Тут же я испытал невыразимо приятное ощущение прикосновения двух потных рук к моей руке и глубоко волнующее чувство от созерцания небольшого куска рогожи, на котором была нарисована пятиногая голубая свинья.

— Ваша свинья? — осведомился я.

— Моего товарища. Нравится?

— Чрезвычайно. В особенности эта пятая нога. Она придает животному такой мужественный вид. А где глаз?

— Глаза нет.

— И верно. На кой черт действительно свинье глаз? Пятая нога есть — и довольно. Не правда ли?

Молодые люди, с чудесного тона розовой сыпью на лбу и щеках, недоверчиво поглядели на мое простодушное лицо, сразу же успокоились, и один из них спросил:

— Может, купите?

— Свинью? С удовольствием. Сколько стоит?

— Пятьдесят...

Было видно, что дальнейшее слово поставило левого молодого человека в затруднение, ибо он сам не знал, чего пятьдесят: рублей или копеек? Однако, заглянув еще раз в мое благожелательное лицо, улыбнулся и смело сказал:

— Пятьдесят ко... рублей. Даже, вернее, шестьдесят рублей.

— Недорого. Я думаю, если повесить в гостиной, в простенке, будет очень недурно.

— Серьезно, хотите повесить в гостиной? — удивился правый молодой человек.

— Да ведь картина же. Как же ее не повесить!

— Положим, верно. Действительно картина. А хотите видеть мою картину "Сумерки насущного"?

— Хочу.

— Пожалуйте. Она вот здесь висит. Видите ли, картина моего товарища "Свинья как таковая" написана в старой манере, красками; а я, видите ли, красок не признаю; краски связывают.
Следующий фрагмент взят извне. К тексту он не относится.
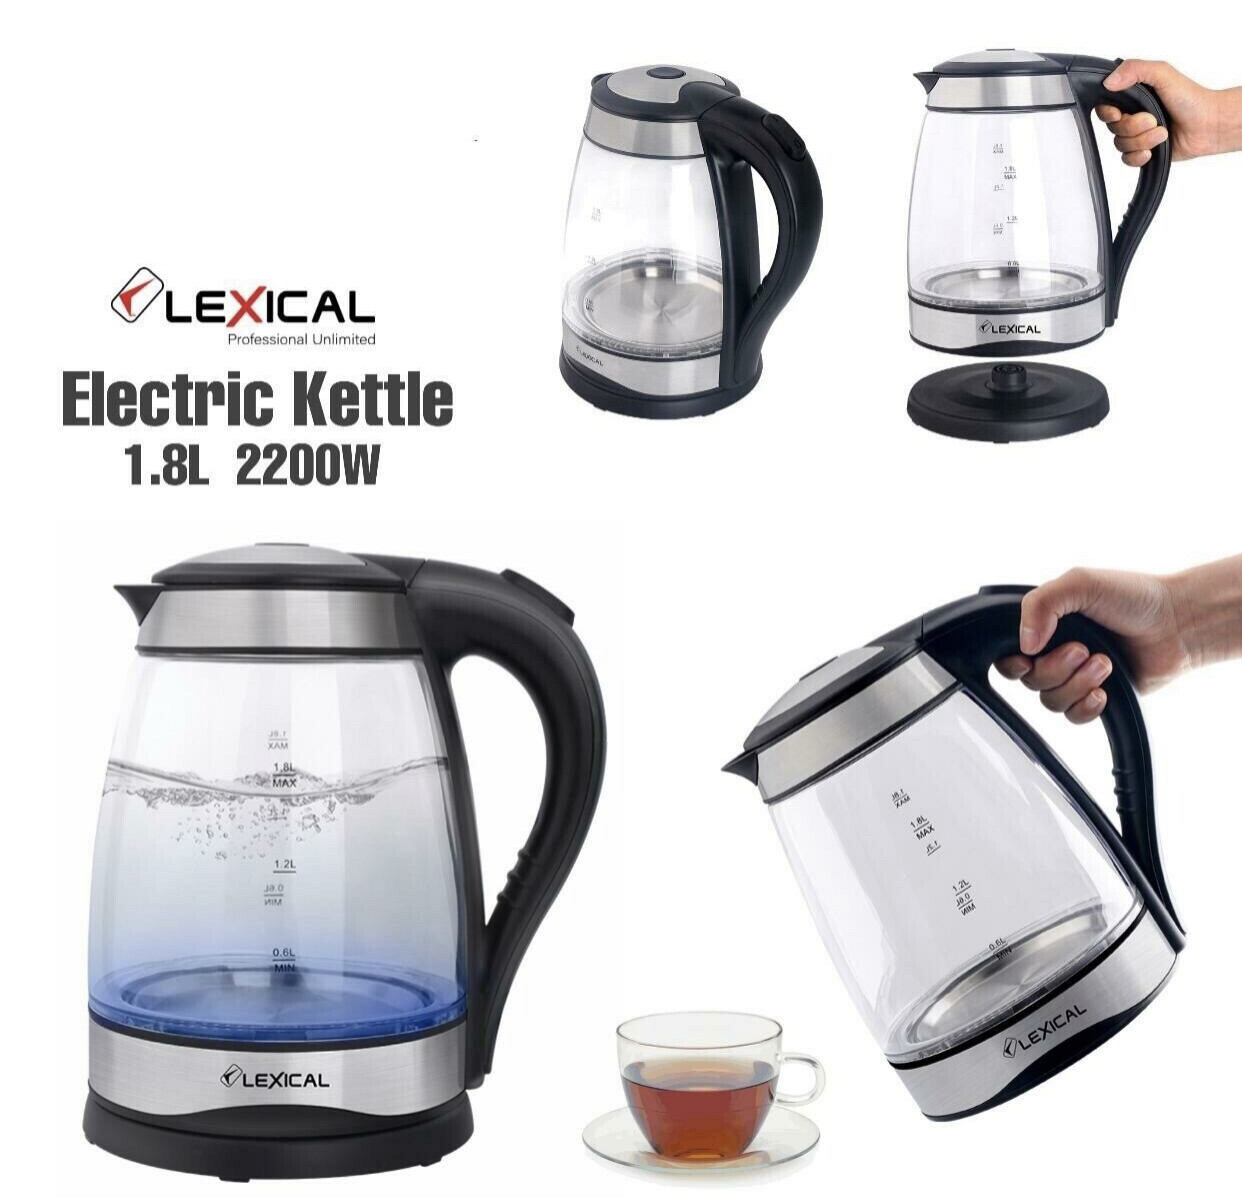 LEXICAL Electric Kettle

— Еще как, — подхватил я. — Ничто так не связывает человека, как краски. Никакого от них толку, а связывают. Я знал одного человека, которого краски так связали, что он должен был в другой город переехать...

— То есть как?

— Да очень просто. Мильдяевым его звали. Где же ваша картина?

— А вот висит. Оригинально, не правда ли?

II

Нужно отдать справедливость юному маэстро с розовой сыпью — красок он избегнул самым положительным образом: на стене висел металлический черный поднос, посредине которого была прикреплена каким-то клейким веществом небольшая дохлая крыса. По бокам ее меланхолически красовались две конфетные бумажки и четыре обгорелые спички, расположенные очень приятного вида зигзагом.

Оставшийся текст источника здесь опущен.